ASSIGNMENT ::
The data should be written out in full, exactly as it stands, and the pictures dropped.

PROVIDED DATA ::
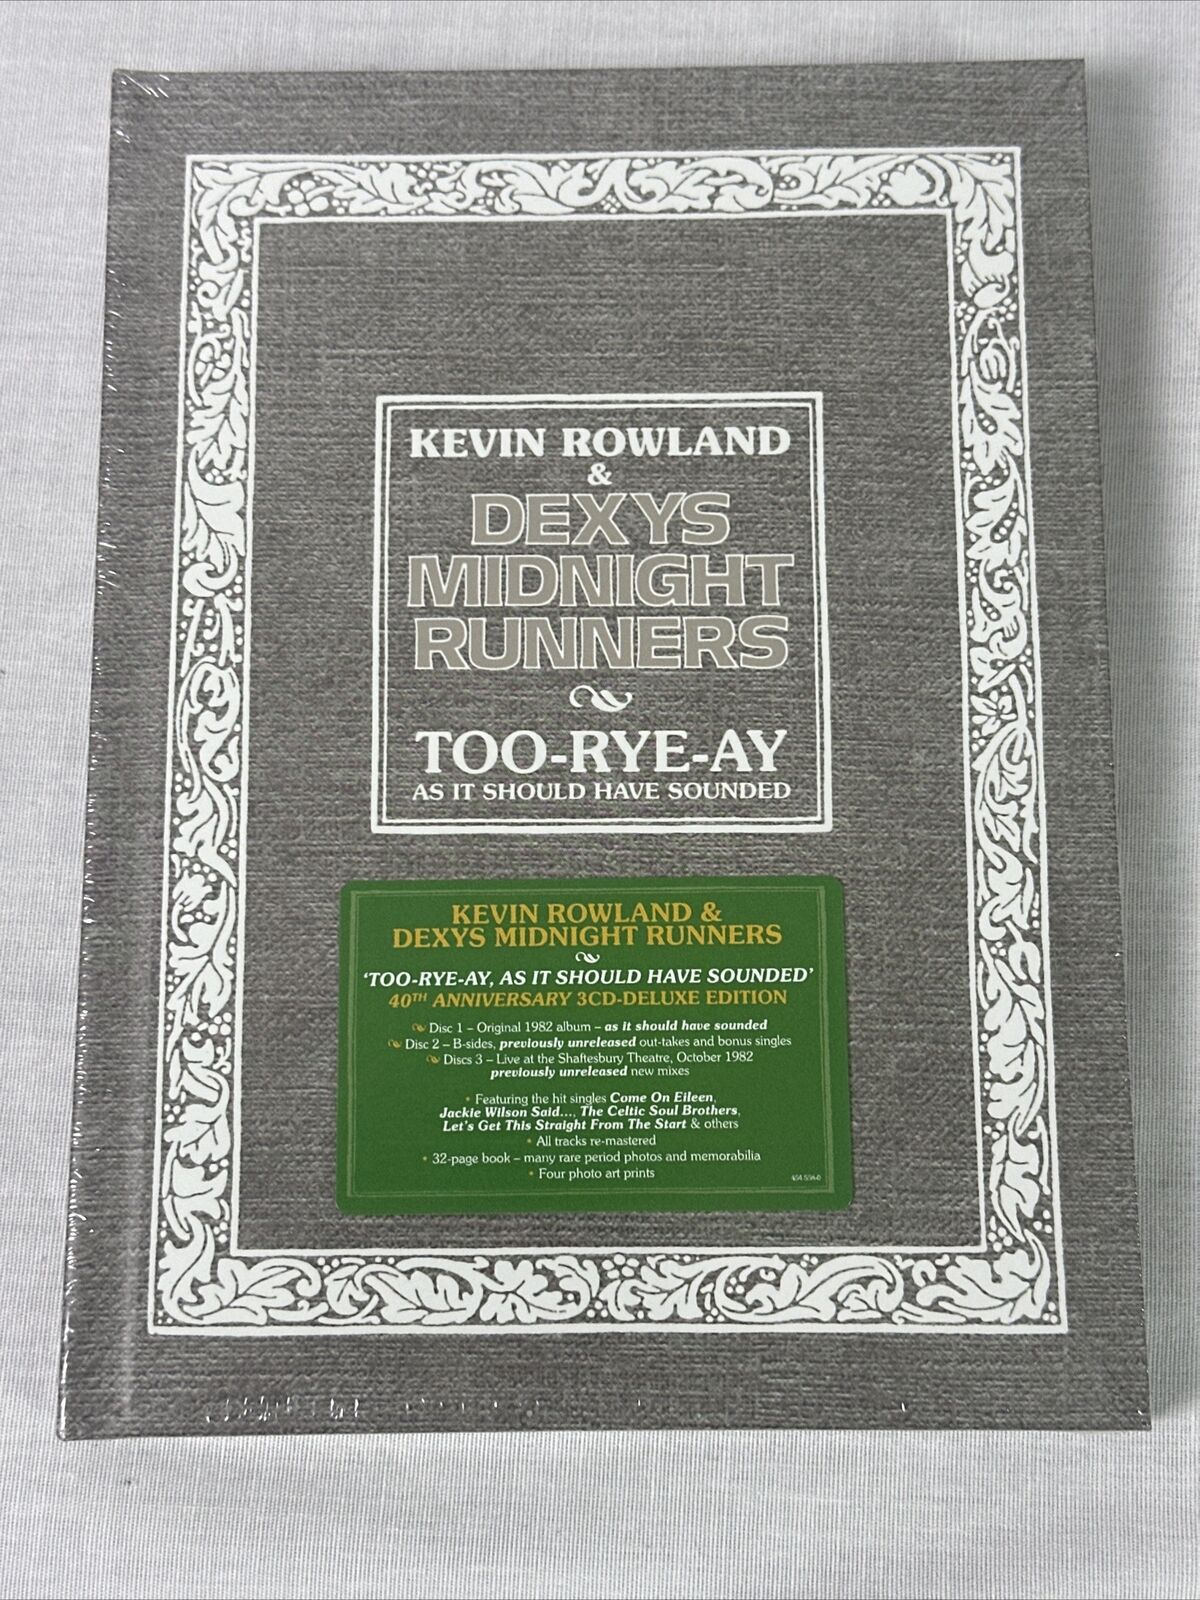 Too-Rye-Ay by Kevin Rowland and Dexys Midnight Runners 3 CD Deluxe Edition 2022
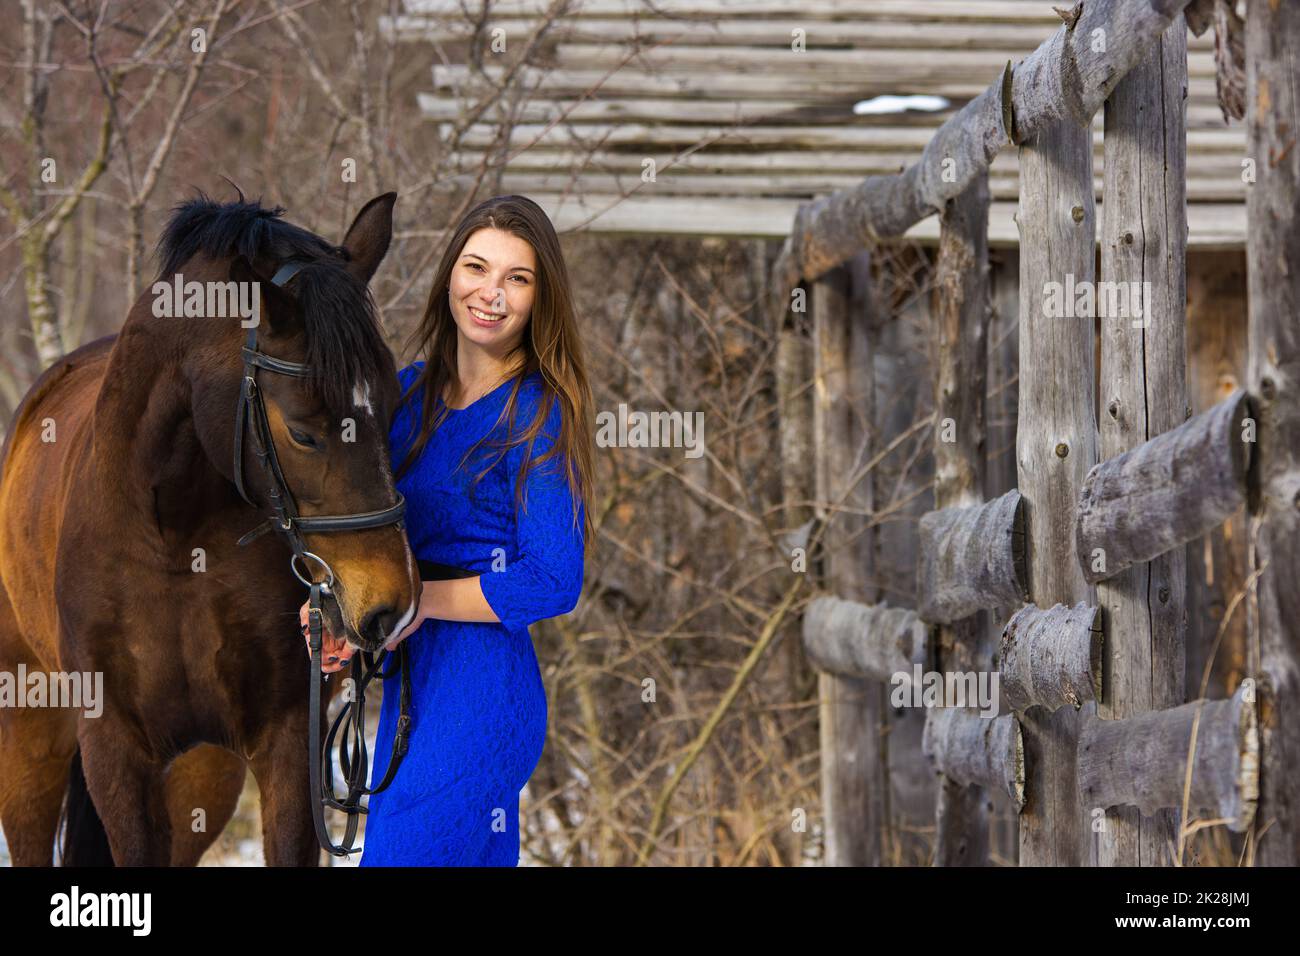 A beautiful young girl in a blue dress hugs a horse against the background of an old fence and a winter forest Stock Photo
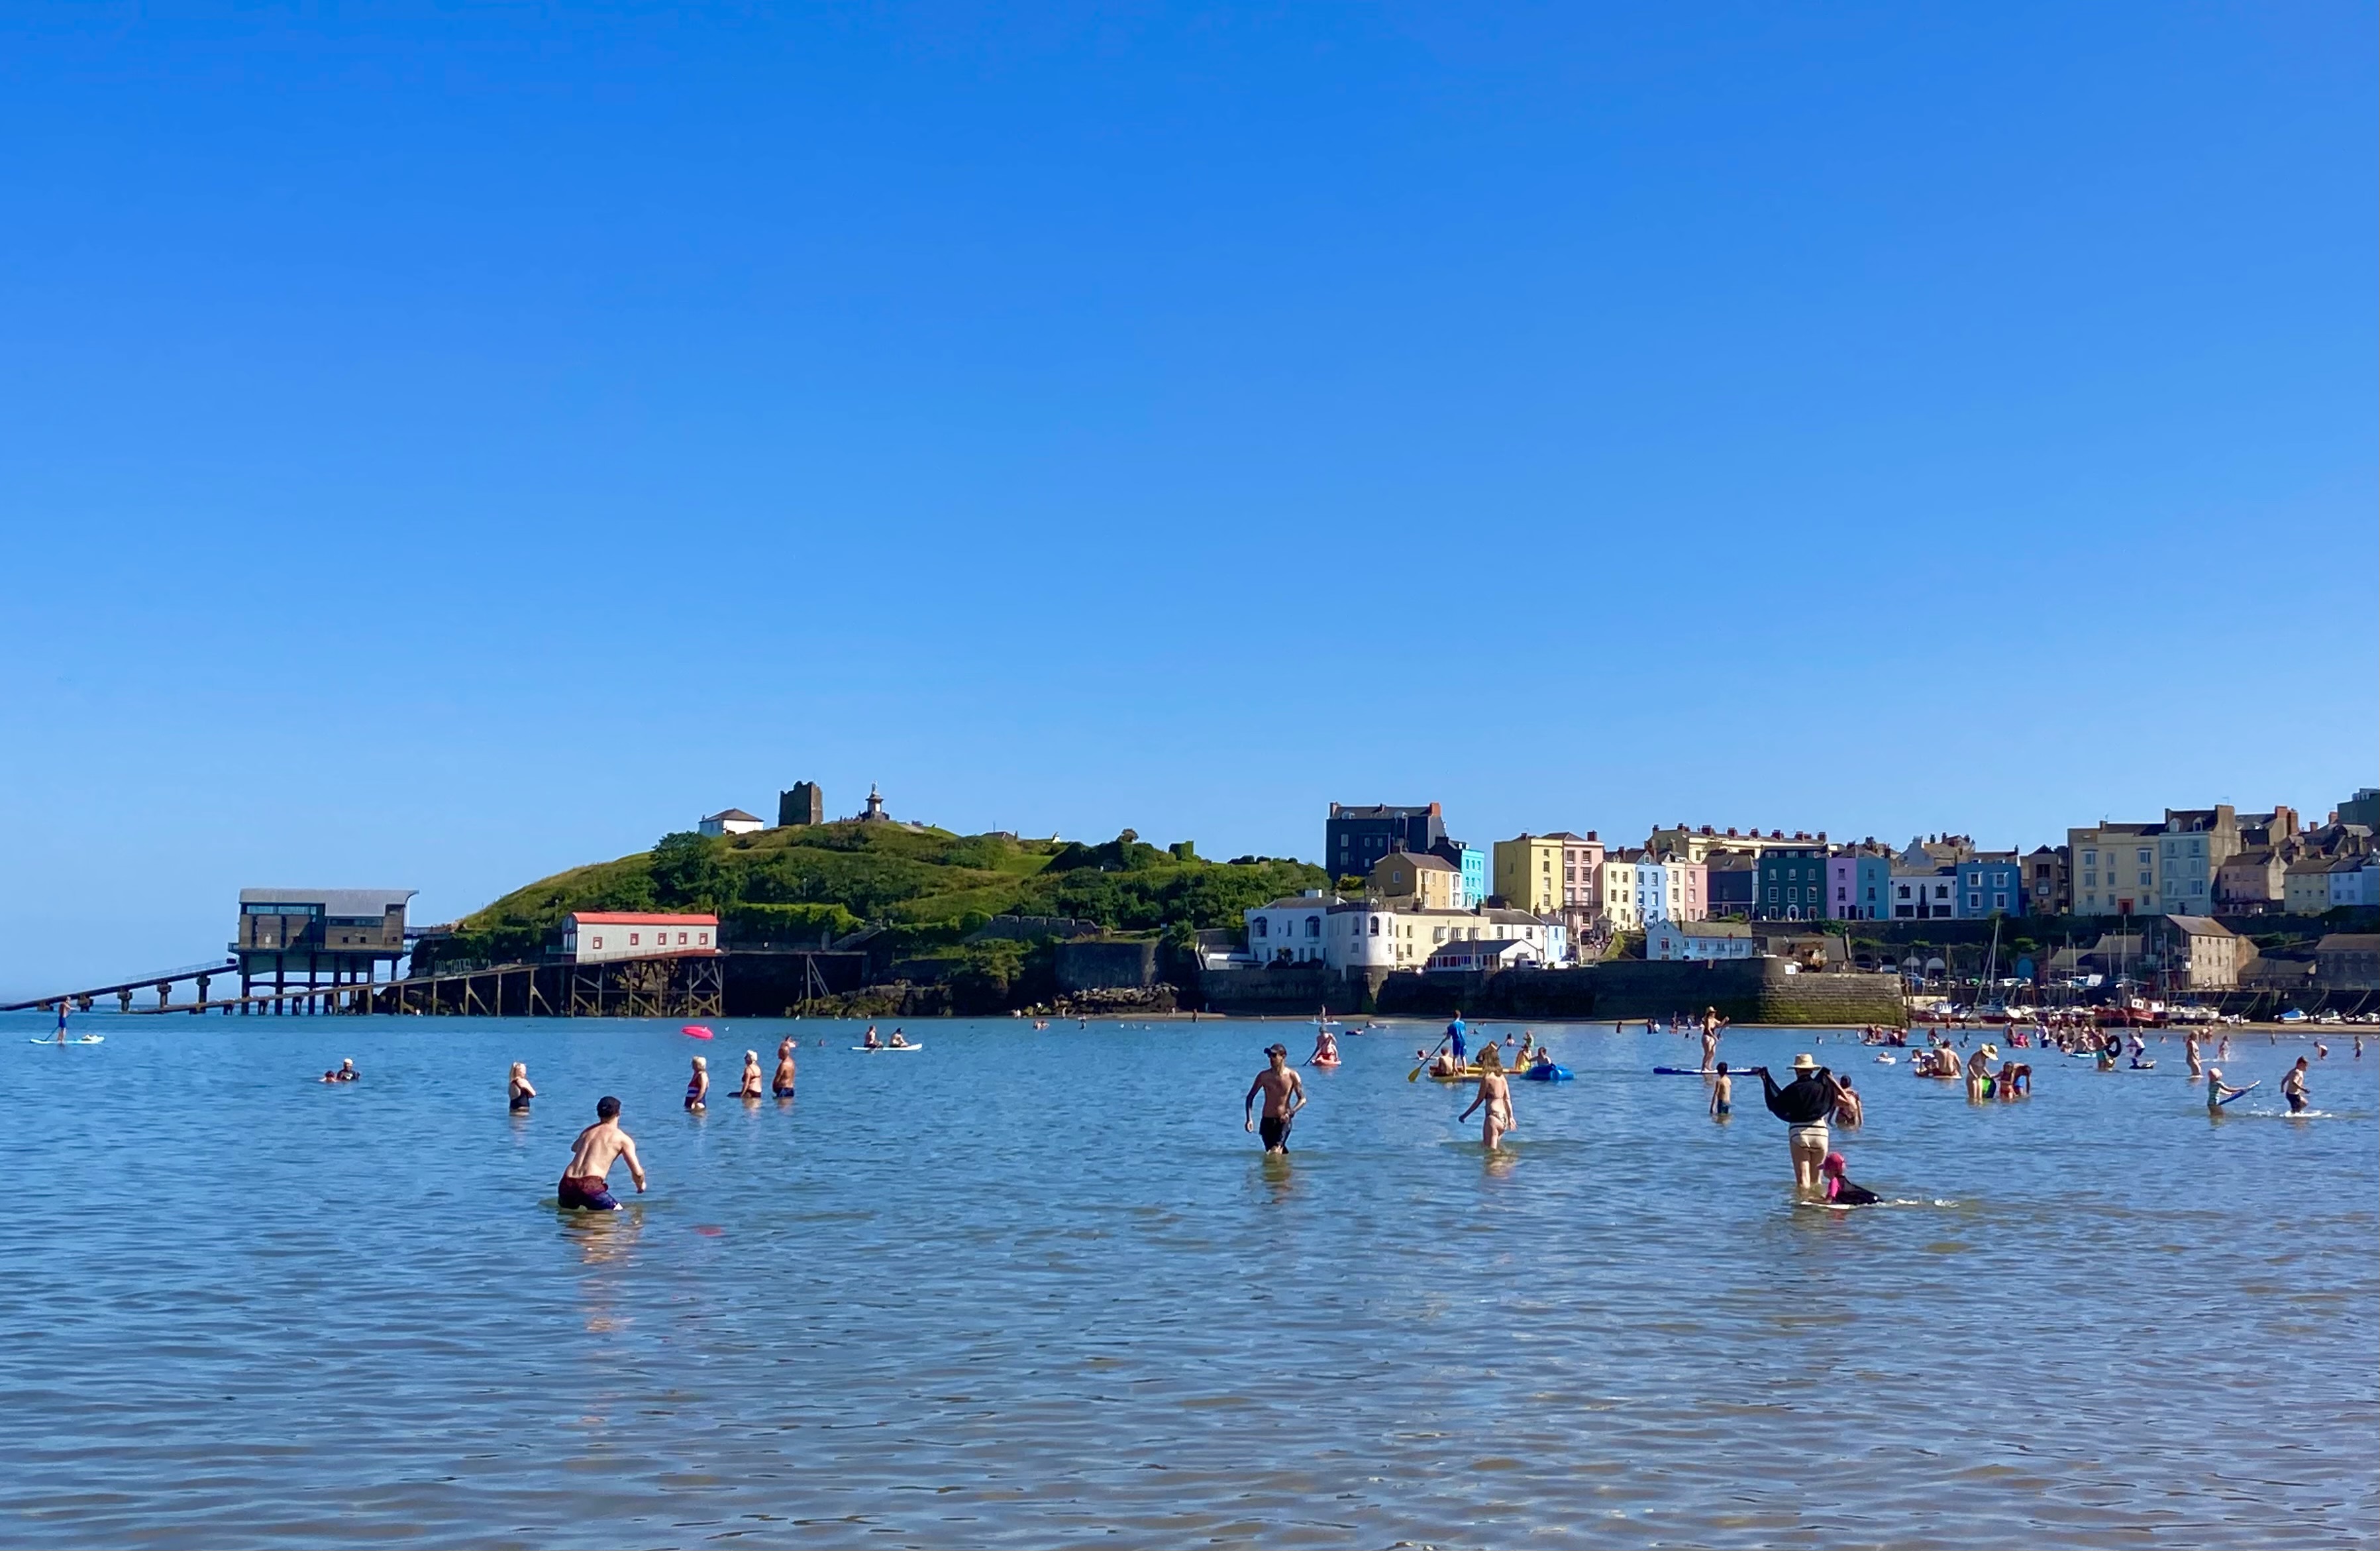 Pollution risk warning issued for all of Tenby's beaches

ANSWER BOX ::
 Too-Rye-Ay by Kevin Rowland and Dexys Midnight Runners 3 CD Deluxe Edition 2022
 A beautiful young girl in a blue dress hugs a horse against the background of an old fence and a winter forest Stock Photo
 Pollution risk warning issued for all of Tenby's beaches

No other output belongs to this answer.